━━━━━ Data records ━━━━━

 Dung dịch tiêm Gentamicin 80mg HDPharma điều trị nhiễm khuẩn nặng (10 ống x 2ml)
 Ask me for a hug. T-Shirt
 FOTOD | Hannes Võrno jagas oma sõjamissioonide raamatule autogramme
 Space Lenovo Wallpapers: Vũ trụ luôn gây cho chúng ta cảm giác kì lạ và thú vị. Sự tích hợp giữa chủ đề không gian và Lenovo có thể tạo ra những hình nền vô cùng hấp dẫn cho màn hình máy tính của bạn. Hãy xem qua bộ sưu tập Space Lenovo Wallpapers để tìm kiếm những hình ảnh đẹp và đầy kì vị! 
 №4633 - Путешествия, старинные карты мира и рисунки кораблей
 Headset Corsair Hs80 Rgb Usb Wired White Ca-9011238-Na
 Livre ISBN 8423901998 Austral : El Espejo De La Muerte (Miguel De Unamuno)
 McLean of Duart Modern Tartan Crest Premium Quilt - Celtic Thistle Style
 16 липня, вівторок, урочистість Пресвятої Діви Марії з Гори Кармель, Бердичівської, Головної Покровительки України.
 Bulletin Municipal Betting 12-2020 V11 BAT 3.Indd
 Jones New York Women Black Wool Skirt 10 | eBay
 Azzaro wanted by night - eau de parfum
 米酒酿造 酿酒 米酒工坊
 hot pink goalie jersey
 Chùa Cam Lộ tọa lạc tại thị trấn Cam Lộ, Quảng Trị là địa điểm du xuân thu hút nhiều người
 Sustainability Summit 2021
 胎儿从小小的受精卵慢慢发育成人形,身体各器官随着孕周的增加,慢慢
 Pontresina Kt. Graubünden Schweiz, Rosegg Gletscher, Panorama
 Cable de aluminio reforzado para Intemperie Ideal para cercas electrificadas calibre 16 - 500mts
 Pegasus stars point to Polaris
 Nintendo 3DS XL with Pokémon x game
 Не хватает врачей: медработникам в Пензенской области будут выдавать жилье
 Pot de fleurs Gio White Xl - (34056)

━━━━━

What is required :: Nothing but a number should be returned: the count of lines in the listing that contain the string "White".

Written response :: 2